Соломон осторожно поставил ее на ноги и обнаружил, что их уже окружил любопытный народ. Кейн стал решительно проталкиваться наружу, и никто даже не попытался его остановить. Внезапно, откуда ни возьмись, появился жрец и закричал что-то, указывая на него пальцем. Народ шарахнулся в стороны, но к месту происшествия уже спешила дюжина воинов в доспехах и с дротиками наготове. Кейн повернулся к жрецу, в душе его клокотала бешеная ярость. Он уже собирался броситься на стражников и умереть, но прежде нанести им какой-никакой урон, хотя бы и голыми руками… Однако в это время на улице гулко отдались шаги марширующих воинов, и из-за угла появился отряд. Похоже, эти люди только что вернулись с поля брани: наконечники их копий все еще были красны от крови.
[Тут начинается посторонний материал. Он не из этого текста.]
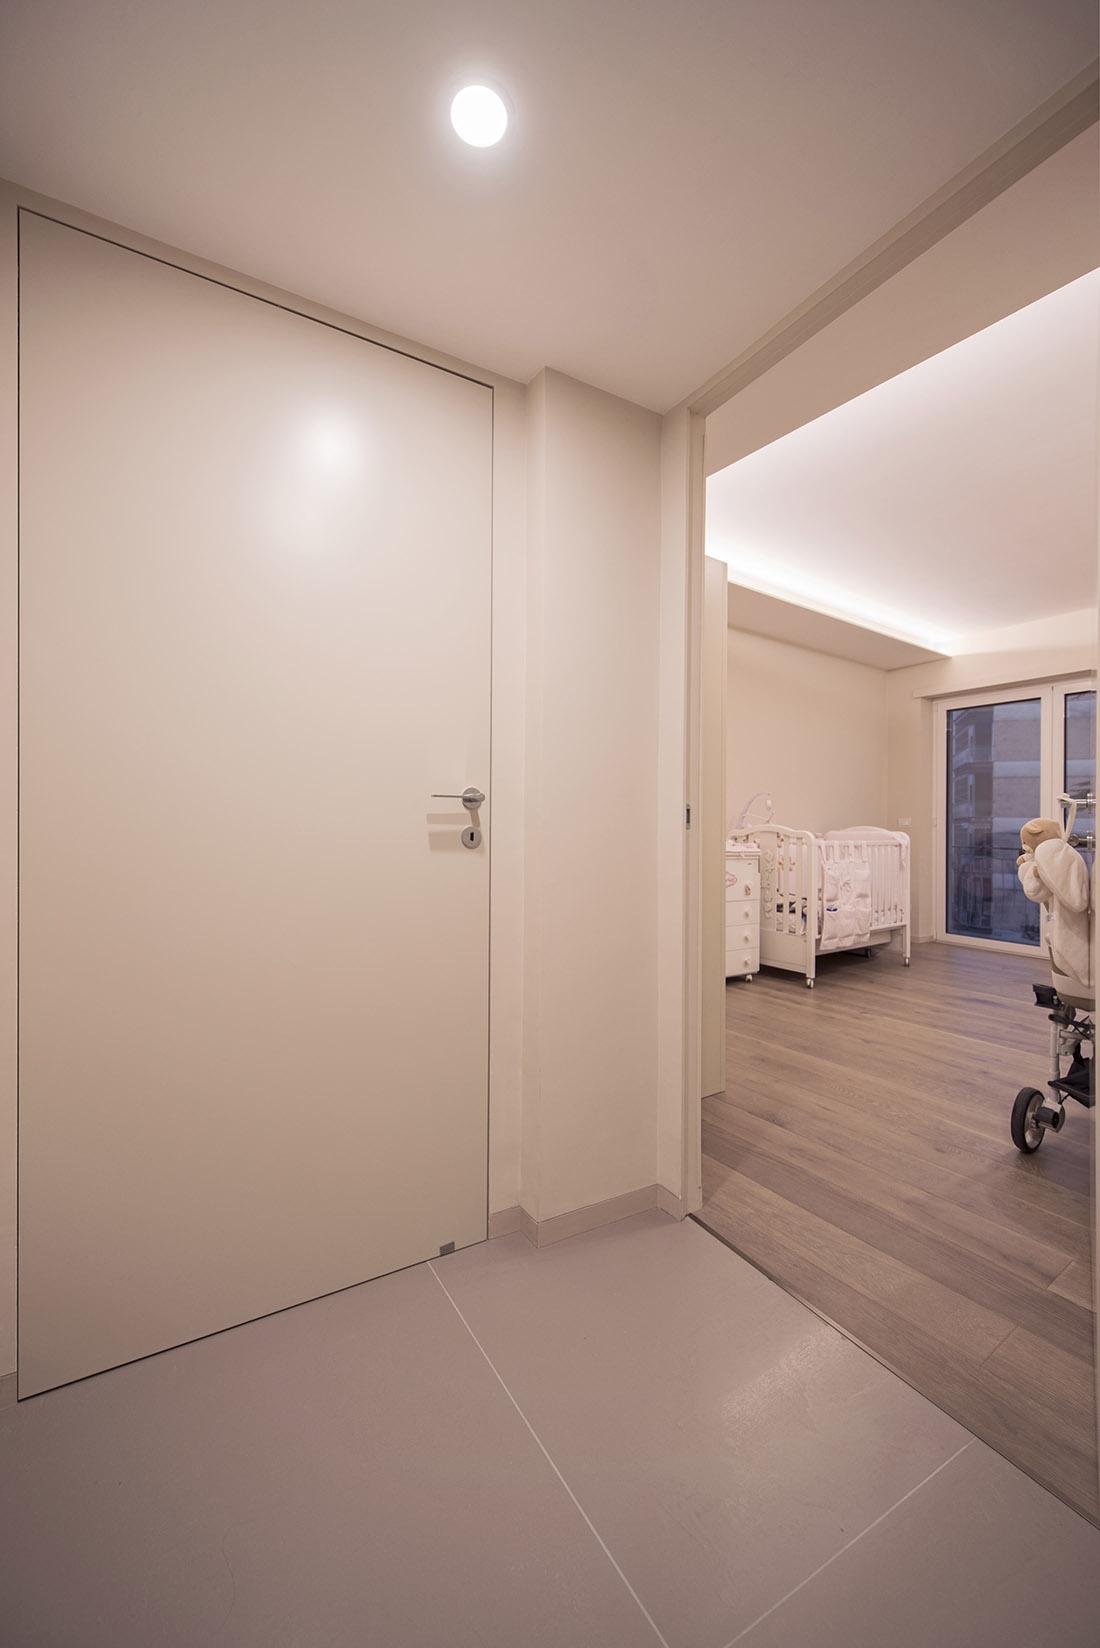 appartamento-otta2-porta-battiscopa-filomuro-cameretta-neonata-realizzazione-napoli-pucciarelli-architetti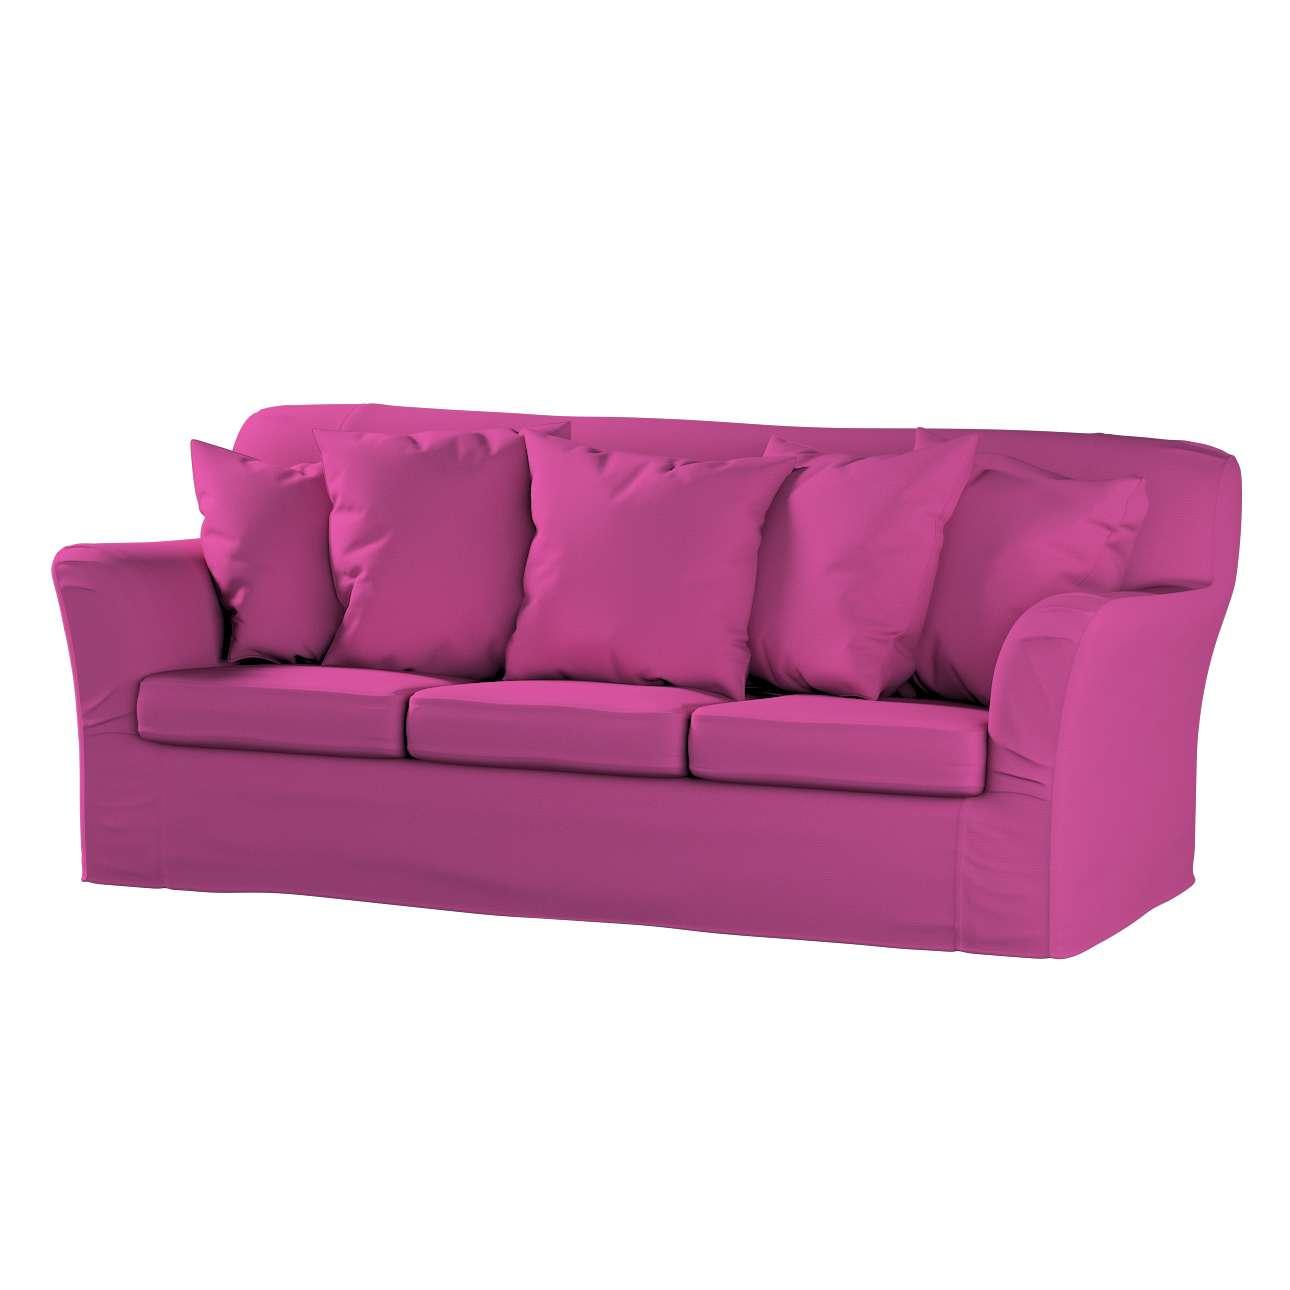 Pokrowiec na sofę Tomelilla 3-osobową nierozkładaną Sofa Tomelilla 3-osobowa w kolekcji Etna , tkanina: 705-23

Девушка, спасенная Кейном, вскрикнула и метнулась вперед, чтобы повиснуть на крепкой шее молодого военачальника, шагавшего во главе отряда. Она стала что-то быстро-быстро говорить ему — что именно, Кейн, естественно, разобрать не сумел. Выслушав девушку, военачальник отдал короткий приказ, и стражники отступили. Сам же он
приблизился к Кейну, показывая ему пустые ладони и улыбаясь. Он держался исключительно дружелюбно, и англичанин понял: молодой воин старался как мог отблагодарить его за спасение девушки, без сомнения приходившейся ему сестрой либо возлюбленной. Жрец бушевал и бранился, но юный вельможа ответил ему лишь несколькими краткими словами и жестом пригласил Кейна следовать за собой. Англичанин заколебался, не в силах заставить себя вот так сразу довериться неизвестно кому. Тогда молодой военачальник вытащил из ножен свой собственный меч и протянул его Кейну рукоятью вперед. Соломон подумал и взял оружие. Почем знать, может, местные правила хорошего тона предписывали отказаться. Однако у Кейна не было никакой охоты рисковать, а с оружием в руках он сразу почувствовал себя увереннее…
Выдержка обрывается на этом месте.